Actions going forward
This research has resulted in the completion of an integrated quantum chemistry calculation and deep learning analysis platform for building models to predict the miscibility of polymer-solvent systems. We plan to continue improving the predictive performance of the model as we continue to produce data.
Going forward, predicting and understanding of the miscibility of polymers and solvents will become increasingly important in materials development. In recent years in particular, expectations for technological innovations for recycling waste plastic resources are growing rapidly as we move toward realizing decarbonized societies. The development of miscibilizers for various types of polymers will be essential in improving the recycling rates of waste plastics. ISM-MCC Frontier Materials Design Laboratory will be deploying this model for practical applications in miscibilizer development.

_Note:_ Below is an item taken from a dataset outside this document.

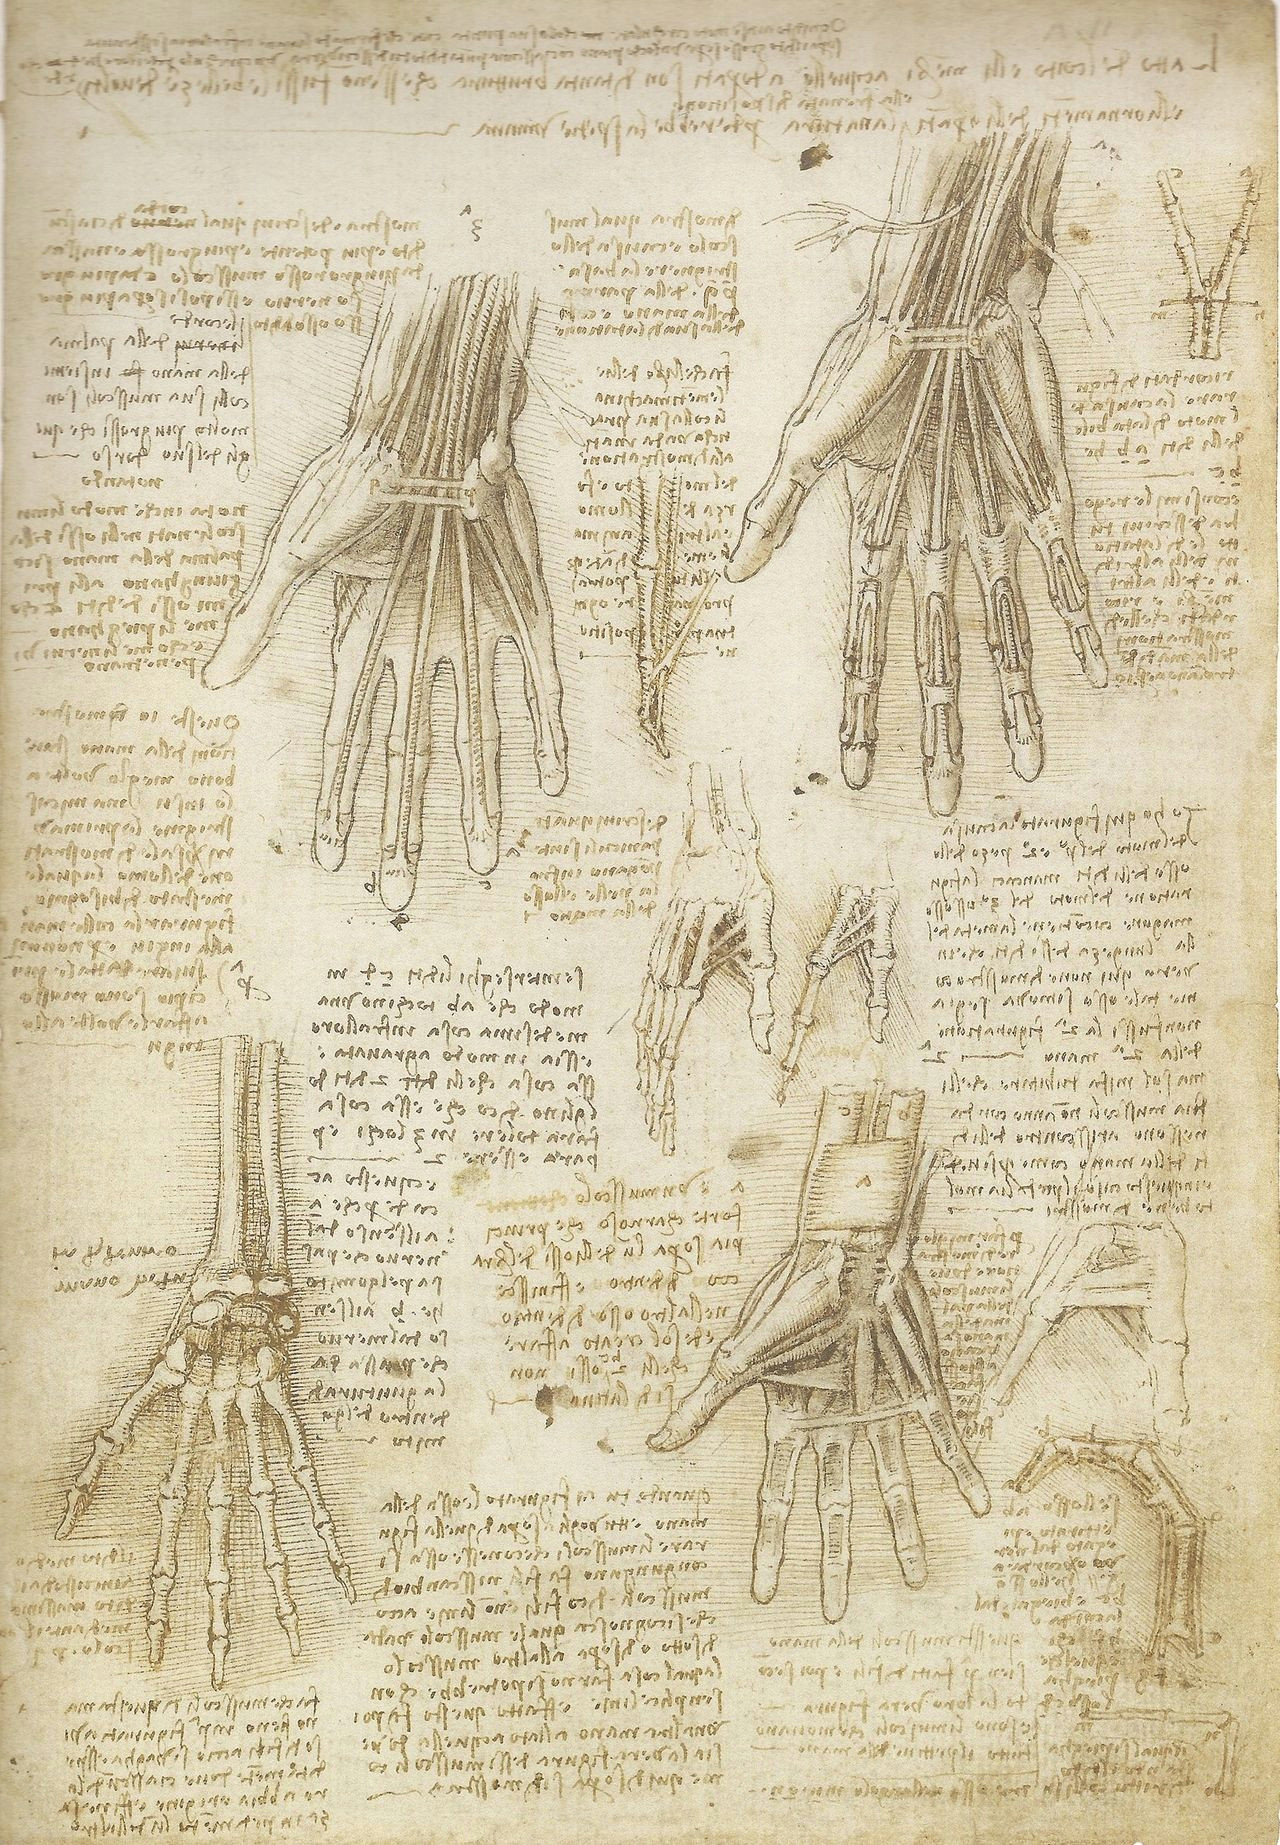 Da Vinci Drawings Of Hands Pin by Matthew Phoenix On Da Vinci Pinterest Drawings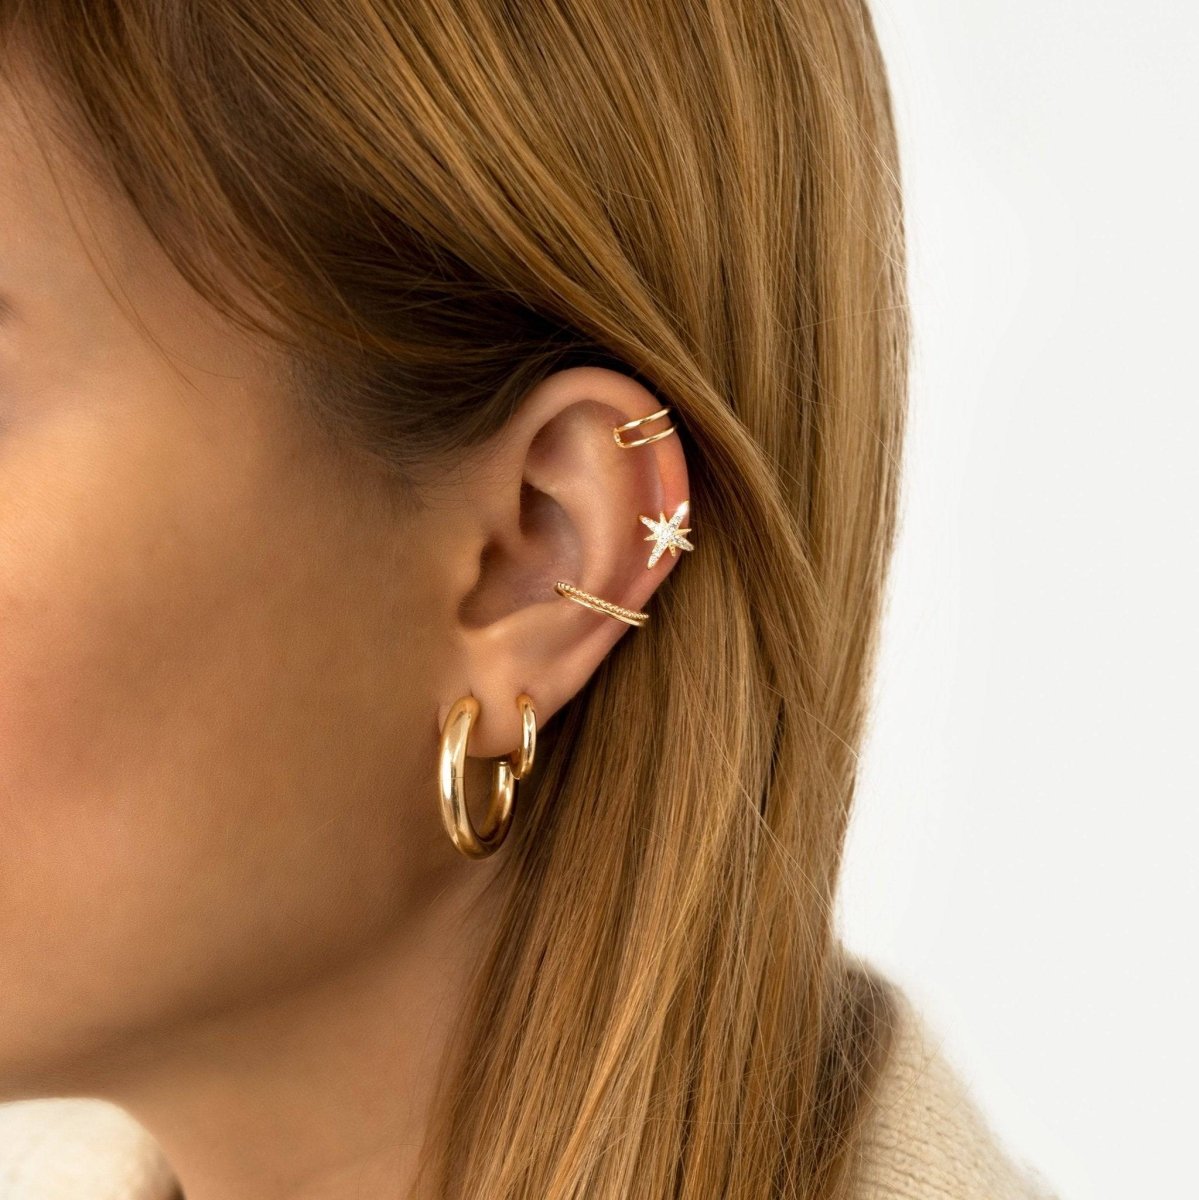 "Ear Cuff - Magical" Earrings - Milas Jewels Shop

In order to further improve and extend machine learning techniques and to promote open innovation and open science in the field of materials informatics, we have made part of the developed source code and data available to the public.
Paper published
Title of paper: Multitask machine learning to predict polymer-solvent miscibility using Flory-Huggins interaction parameters
Authors: Yuta Aoki, Stephen Wu, Teruki Tsurimoto, Yoshihiro Hayashi, Shunya Minami, Okubo Tadamichi, Kazuya Shiratori, Ryo Yoshida
Journal: Macromolecules
DOI: 10.1021/acs.macromol.2c02600
Publication date and time: 9:00 (20:00 U.S. time), July 11, 2023
Terminology
*3: Statistical thermodynamics theory based on a lattice model independently proposed by Flory and Huggins in 1942. To this day, this is often cited in discussions of the thermodynamic properties of polymer solutions and polymer mixtures.
*4: Change in free energy by the mixing of two components.
*5: A method where molecular structures are divided into atomic groups such as CH3 and OH, and the physical properties of an unknown structure are estimated from the contributions of the atomic groups.
*6: A method for estimating activity coefficient, solubility and other thermodynamic properties by evaluating molecular interactions in a solution from surface charge distributions obtained using quantum chemistry calculations.